We express no opinion on any issue relating to the tax consequences of the transactions contemplated by the Merger Agreement (and any amendment thereto) or the Registration Statement other than the opinion set forth above. Our opinion set forth above is based on the Code, Treasury Regulations promulgated thereunder, published pronouncements of the Internal Revenue Service and judicial precedents, all as of the date hereof. The foregoing authorities may be repealed, revoked or modified, and any such change may have retroactive effect. Any change in applicable laws or facts and circumstances surrounding the Mergers, or any inaccuracy in the statements, facts, assumptions and representations on which we have relied may affect the validity of the opinion set forth herein. We assume no responsibility to inform STERIS of any such change or inaccuracy that may occur or come to our attention. In addition, our opinion is being delivered prior to the consummation of the Mergers and therefore is prospective and dependent on future events.

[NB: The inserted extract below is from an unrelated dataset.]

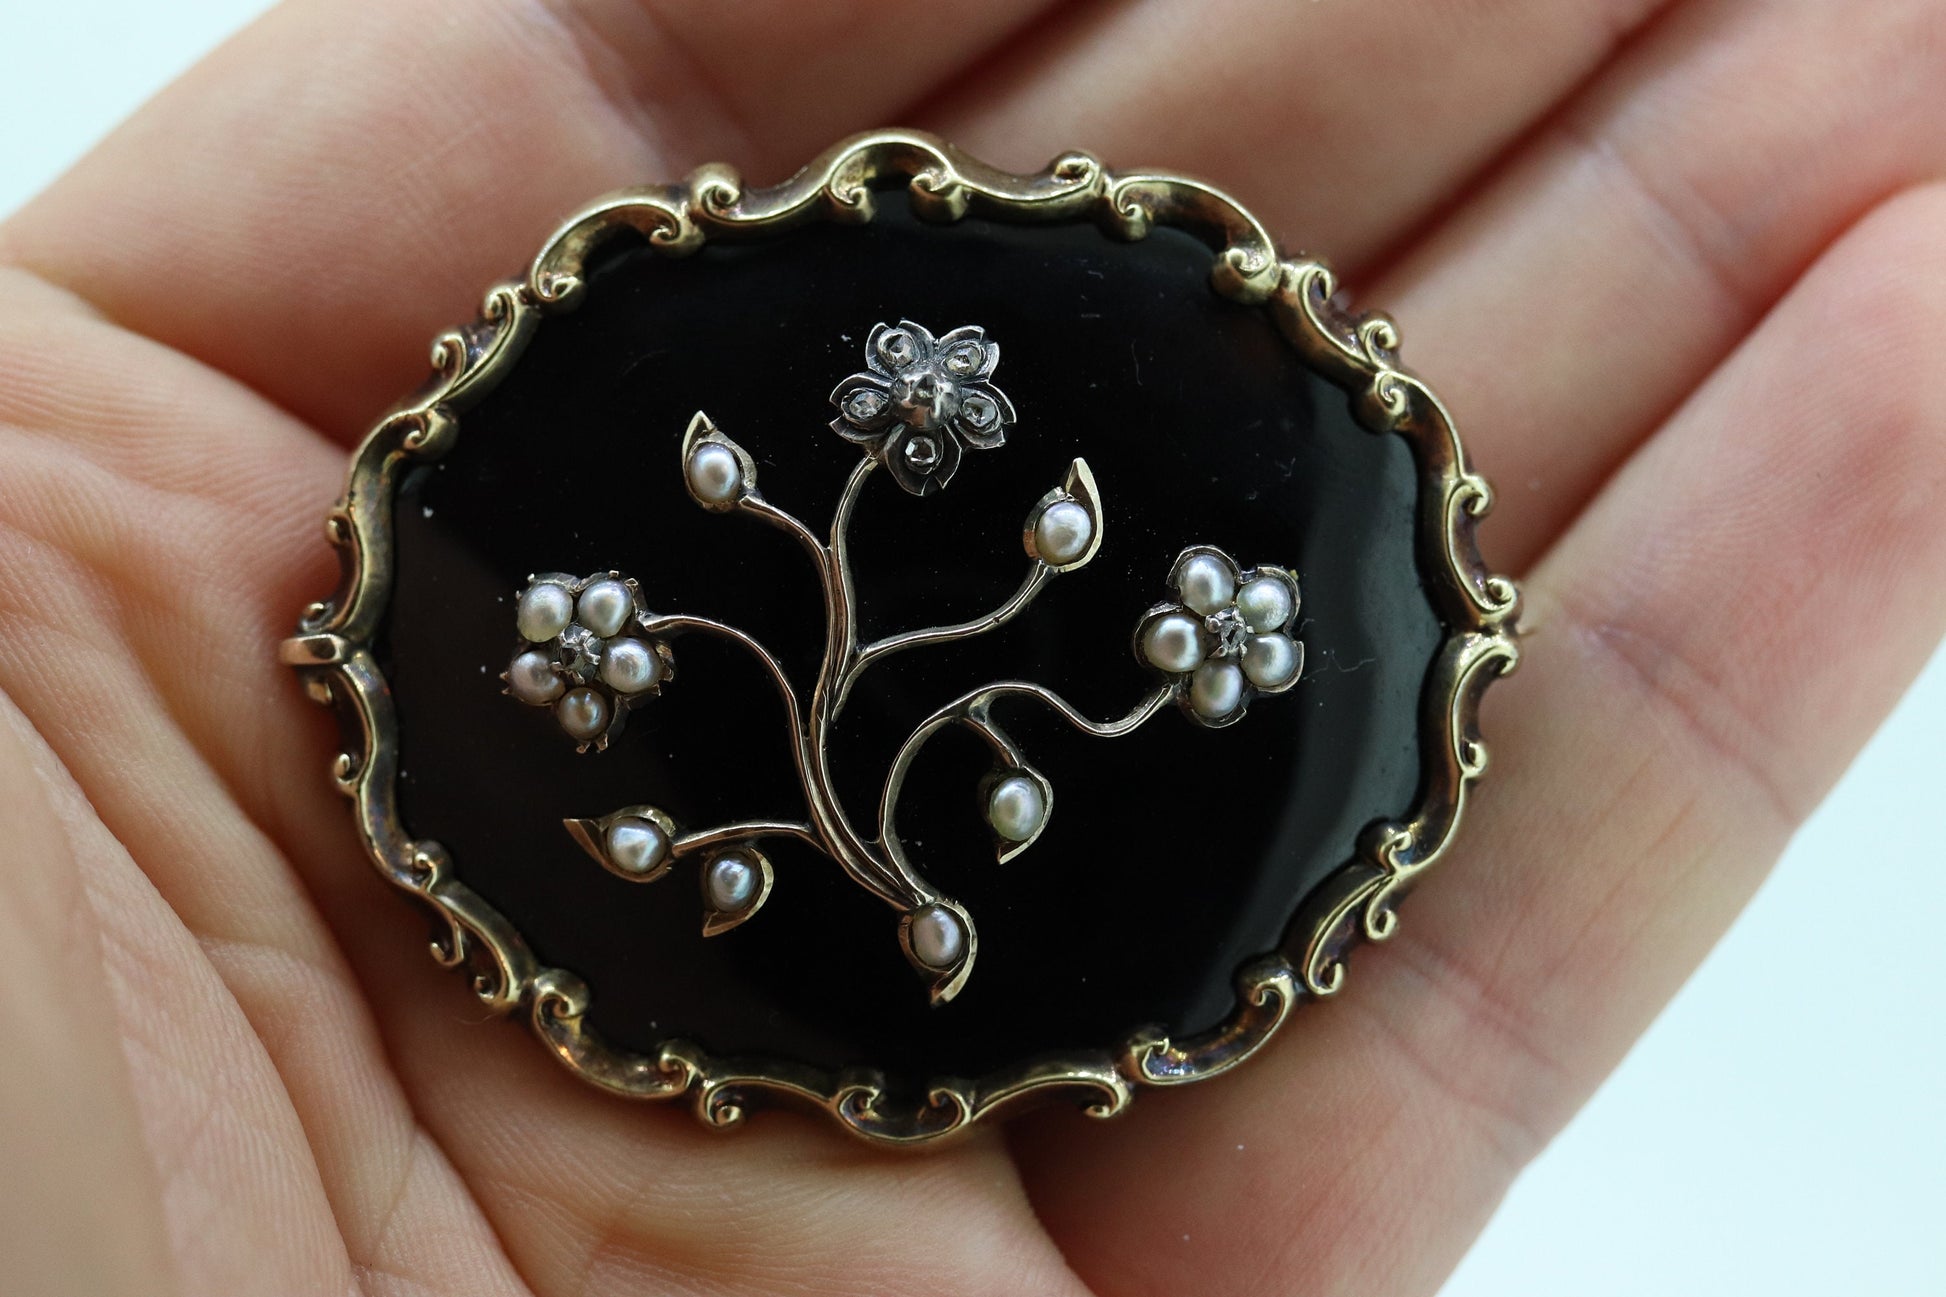 12k Victorian Black Enamel, Seed Pearls, Diamond and 12k gold and sterling silver, Mourning Brooch, c1840, Braided Hair Forget me not  260

This opinion is furnished to you solely in connection with the Registration Statement and this opinion is not to be relied upon for any other purpose without our prior written consent. We hereby consent to the filing of this opinion with the Commission as an exhibit to the Registration Statement, and to the references therein to us. In giving such consent, we do not thereby admit that we are in the category of persons whose consent is required under Section 7 of the Securities Act.